Awesome article of yore spotted over at tangentsoft.net about using pennies as heatsinks. The head-fi.org forum link in their article is missing but there’s a 2009-era snapshot on the Wayback Machine that you can still read through to see where this idea came from.
DIY Heat Sinks
In a recent thread on Head-Fi, someone asked how well a paperclip would work for heat-sinking a TO-220 part. Much speculation ensued (much of it from your humble author), including opinions that a penny might work better, and then the argument moved on to exactly how to use the penny and so on.
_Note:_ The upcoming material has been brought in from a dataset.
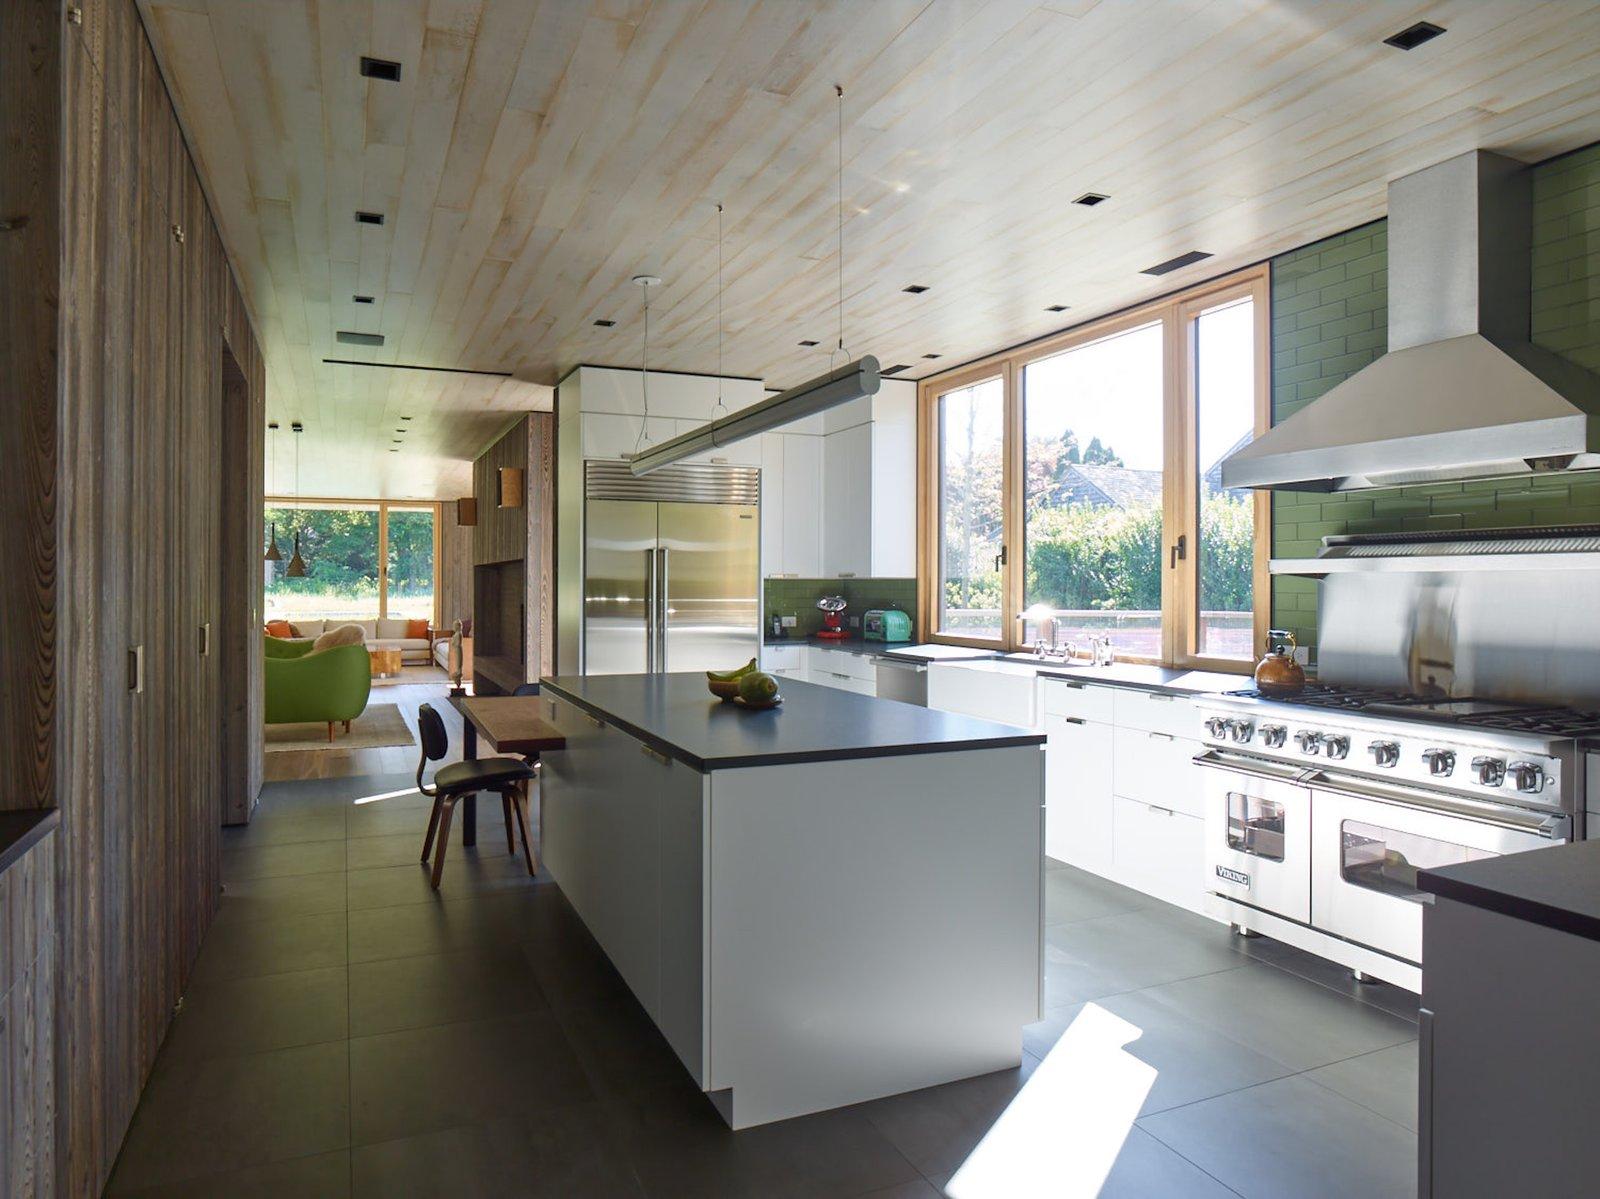 A bright and elegant kitchen.

I eventually decided that experimentation was called for, which lead to this article.
I configured six LM317s as 0.125 A current sources propped up by silicon diodes. The diodes are remnants of a discarded idea, so their only purpose in this version of the test was as a place to clip the negative-side power lead. I then attached different heat sinks to each current source, put approximately 18 V across each one in turn, and recorded their temperature over time.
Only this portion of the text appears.